Töchterles Skepsis gegenüber dem Prestigeprojekt des oberösterreichischen Landeshauptmanns Josef Pühringer und neuen Doktorratsstudien an der Donauuni in Krems könnte ihn letztlich den Ministerjob gekostet haben, wird gemunkelt. Niederösterreichs Landeshauptmann Erwin Pröll lässt über seinen Sprecher Peter Kirchweger jede Einflussnahme auf die Töchterle-Absetzung dementieren. Es habe mit ihm eine hervorragende Zusammenarbeit gegeben, gerade beim Forschungszentrum IST. An Gerüchten, wonach Töchterle als möglicher Rivale Prölls für die nächsten Bundespräsidentenwahlen auf ein Nebengleis gestellt worden sei, sei nichts dran. Pröll bleibt laut eigenen Aussagen bis 2018 Landeshauptmann von Niederösterreich.
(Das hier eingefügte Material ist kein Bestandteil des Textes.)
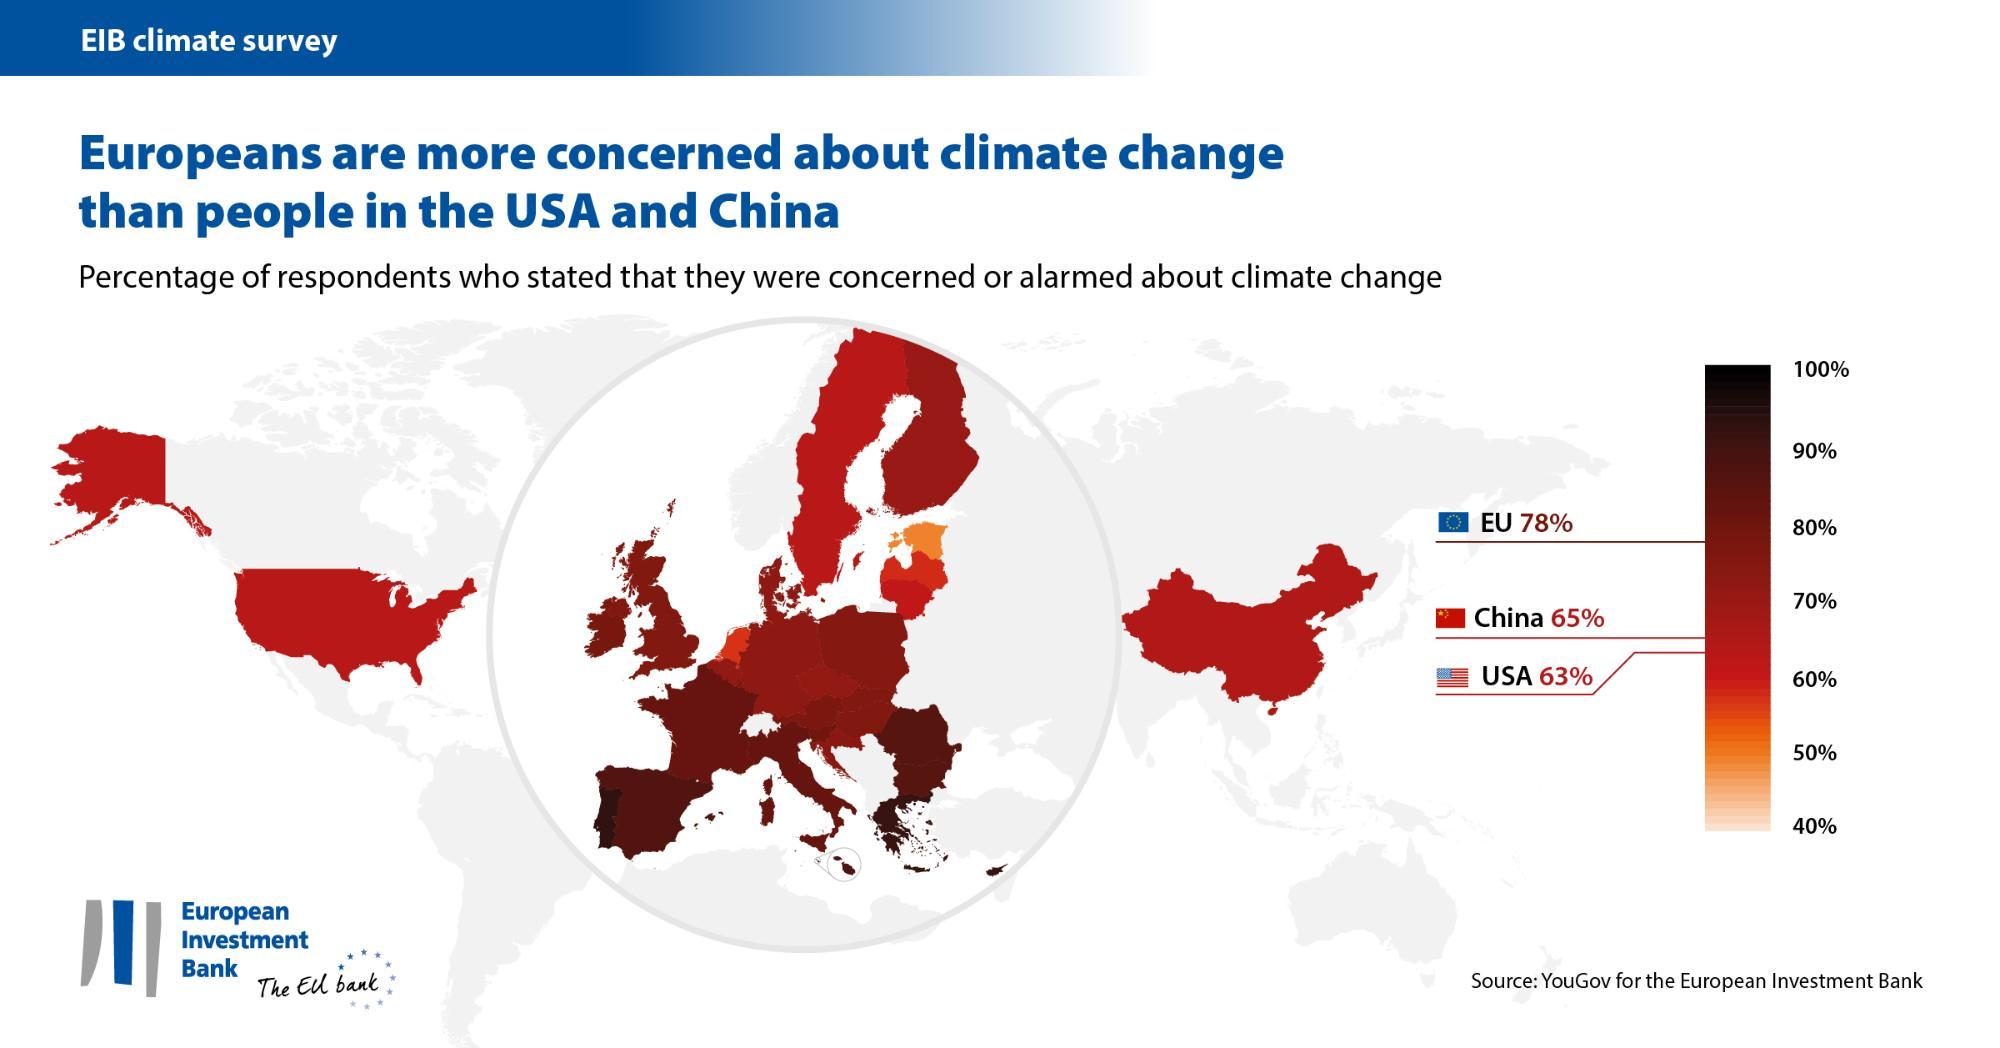 Europeans are more concerned about climate change than people in the USA and China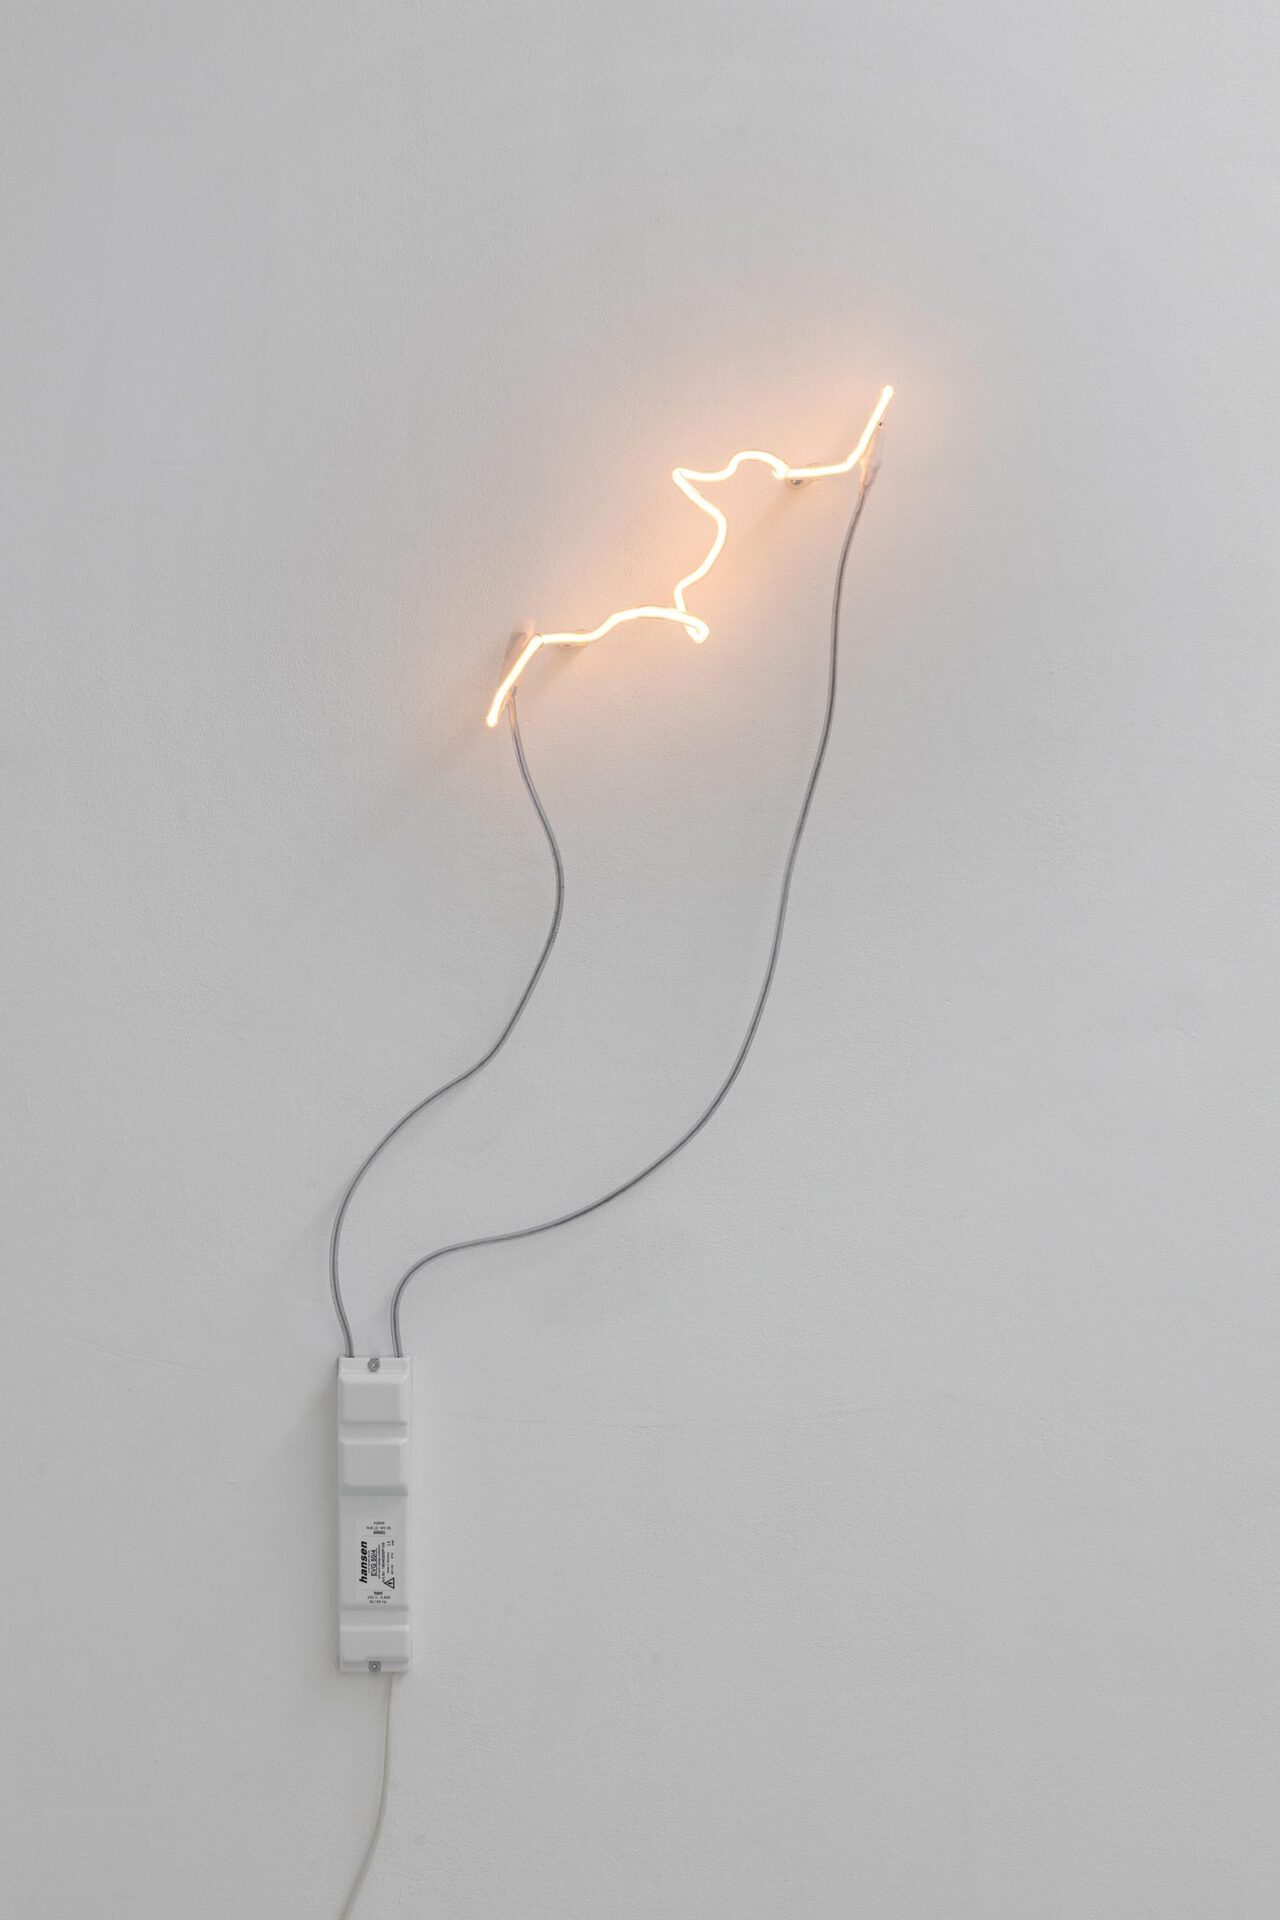 Light technique/He1, clear, Nat Bloch Gregersen, 2021, helium gas, glass, cords, converter, plastic, 42 x 13 x 13 cm. Courtesy of In extenso. Picture : Ludovic Combe.

Überraschend handzahm fällt die Stellungnahme von Josef Pröll als Präsident der Boltzmann-Forschungsgesellschaften aus. Die Zusammenlegung von Wissenschaft und Wirtschaft könne „Synergien und mehr Mittel“ bedeuten. Er habe keinerlei Vorbehalte, lässt er profil ausrichten.

„Völlig falsches Signal“
Der ehemalige Wissenschaftsminister Erhard Busek hält dagegen Spindeleggers Entscheidung „für ein völlig falsches Signal“. Noch immer funktioniere die Koordination der diversen heimischen Forschungseinrichtungen schlecht. „Unsere Universitäten treten miteinander in Konkurrenz, weil viele in der Forschung das Gleiche machen, statt sich die Arbeit aufzuteilen und verstärkt mit ausländischen Universitäten zu kooperieren.“

In internationalen Rankings, etwa im jährlichen Times Higher Education World University Ranking, rutschen die heimischen Universitäten immer weiter ab. Nur eine schafft es unter die Top 200. Während diese, die Hauptuniversität Wien, 2011 noch Platz 139 belegen konnte, reichte es heuer nur für den 170. Platz.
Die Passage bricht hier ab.